Wednesday, September 12, 2012

Alphabet Bean Bags

One of my September Pinterest Projects was to make an alphabet bean bag set for the boys. I have been obsessed with this project and I'm so excited it's finished! The Husband can't wait to throw them around with the boys. It was actually a pretty lengthy project but I think in the end, all the blood, sweat and tears will be worth it!

alphabet bean bags
 
Hope you can follow these steps and if you have any difficulties just email me and I'll see what I can do to help!
 
 
I decided to use a rainbow of fabrics. Since I made alphabet bean bags, I used 26 different colours. I got lucky because I bought them at a craft festival and they were organized into the rainbow. I just had to add a couple more here and there in order to get the correct amount. You can decide whether you want to go with the rainbow look or if you'd want to use the same fabric for every bean bag.

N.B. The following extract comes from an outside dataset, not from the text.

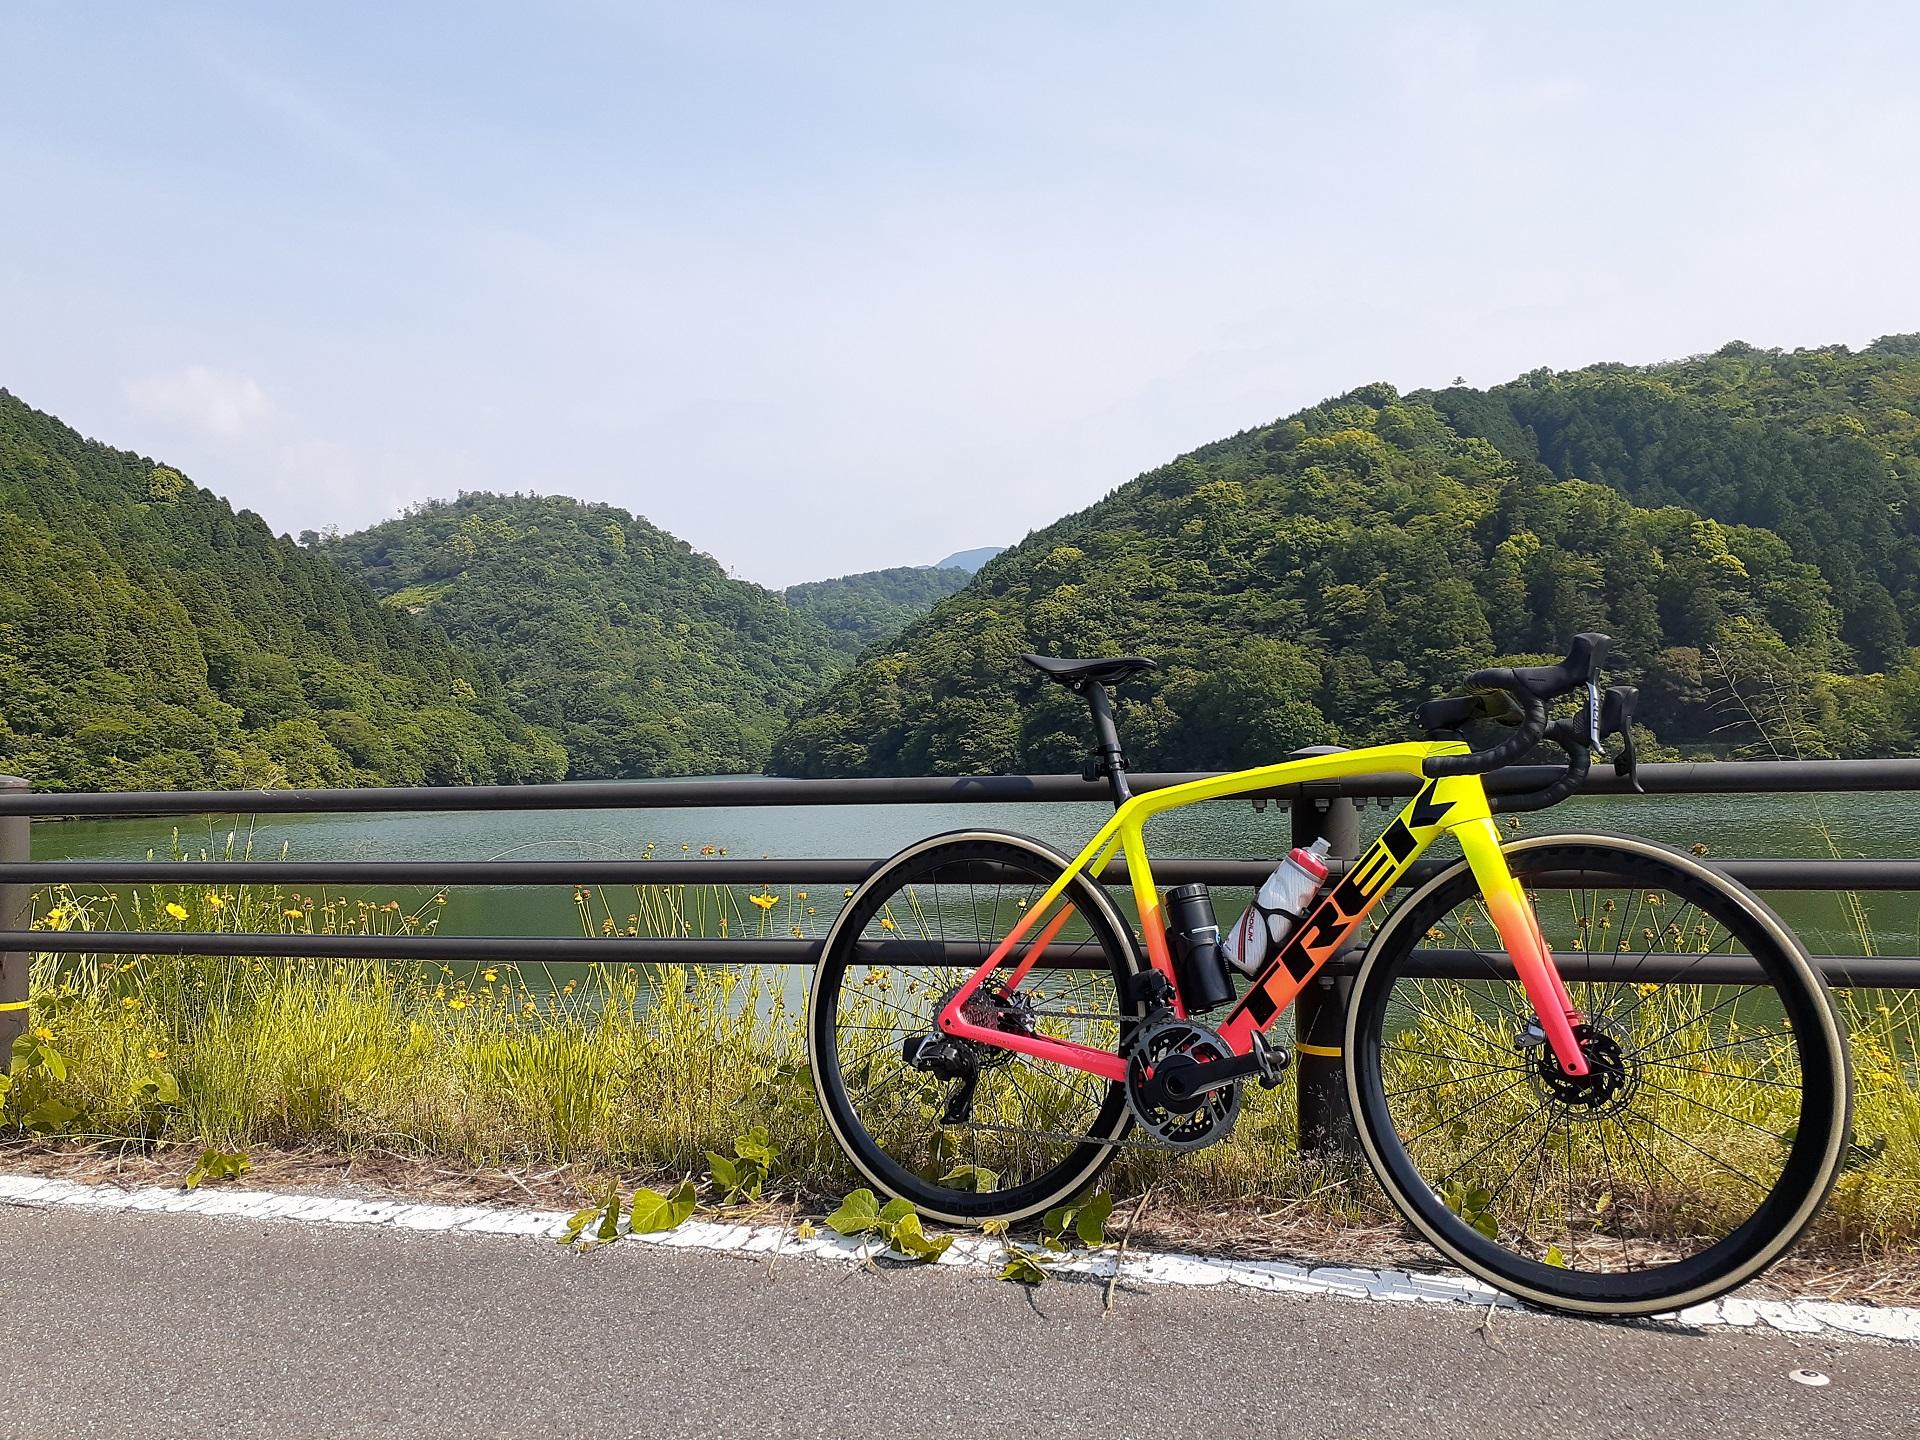 スタッフ信友の【New ÉMONDA SLR】インプレッション!!

Totally your decision!
 
 
I chose to wash my fabric because it is being used by the kids and I figure they'll stick them in their mouths and who knows where else! Once they came out of the washer, I ironed each piece and cut them using a rotary cutter into 5 inch by 5 inch squares. I cut two squares from each colour so that they matched. Therefore, you'll cut 52 squares out.
 
 
Now you need to make your letters. At first, I was going to print them off the computer and cut them out but then I remembered my Cricut system that was sitting packed up in the basement. I put in my favourite cartridge, "Cuttin' Up" and cut out the alphabet (uppercase and lowercase for all 26 letters). I cut them out at 3.5 inches so that they fit nicely onto my 5 by 5 inch square.
 
 
At first I traced the letters on the fusible web but traced them on the wrong side (doh!) so I had to do it again. I found that the outlines disappeared when I ironed it to the fabric - therefore, iron the fusible web onto the fabric first and then trace the letters!

 
You need to trace the letters backwards. Cut out all of the letters from the fabric/fusible web combination. At this point, I organized them all into alphabetical order to ensure I had every letter completed.
 
 
 Peel the paper backing off the fusible web, place in the center of the 5 by 5 squares and iron. The fusible web should melt and hold the letters onto the fabric.

 
After the letters have cooled, I decided to teach myself something new. I've always wanted to learn how to sew my applique by doing the zigzag stitch around the fused letter. I found this tutorial that I used to teach myself this step.
 
 
I then took the uppercase and lowercase letter, matched them so they were facing one another (the good sides in, the bad sides out) and pinned the sides. I then sewed around the four sides, but left an opening so that I could turn them back around. I also back stitched the areas around the opening so that it was a little sturdier.

 
I turned them inside-out (very gently) and admired my handiwork!
 
 
The Husband and I discussed different types of fillings for the bags. We thought about the styrofoam filling they use in bean bag chairs but decided they would be too light. We also thought about actual beans but with kids we weren't sure the beating it would take (i.e. drool). Therefore, we went with the expensive option of polyfil pellets (little plastic balls essentially). I suggest you use a Michaels coupon and buy one bag at a time!

 
Filling the beanbags turned into quite a production. The Husband is quite the mathematical guy so we figured out that with the 3 bags that I had we could fill each bean bag with 3.25 ounces of beads (hence the scale in the picture). It made each beanbag a decent size and I still have some left over!
 
The next step is a little tricky. Since the sewing was done on the inside of the beanbag, I wanted to continue with an invisible stitch so that you wouldn't see where I had filled the beanbag. Again, I headed onto the Internet to see what I could find to teach me this step. I came across this blog. I admit, I had to read the instructions a couple of times and I even had to practice on one of the beanbags. This part took a chunk of time and some I had to restitch in order to ensure they were solidly sewed.
 
There are also YouTube videos if you look up "invisible stitch"!
 
That's it! They are that simple!
 
Here are some pictures of the finished product:
 

alphabet bean bags

 



 J had a great time running around the room and throwing them. He's able to identify all of the letters in his name so we're going to keep practicing that. We can also use them to eventually spell other words, more letter recognition, lowercase and uppercase letter recognition and even colours! Right now though, they are fun to throw around and practice balancing on our heads.
 
I think that constitutes them as a hit!
 
What do you think?
 
P.S. The Husband has a whole list of what I should make next (i.e. numbers, mathematical signs, grammatical signs, etc.). I think I'll take a break and go back to them once Baby Boy #2 arrives!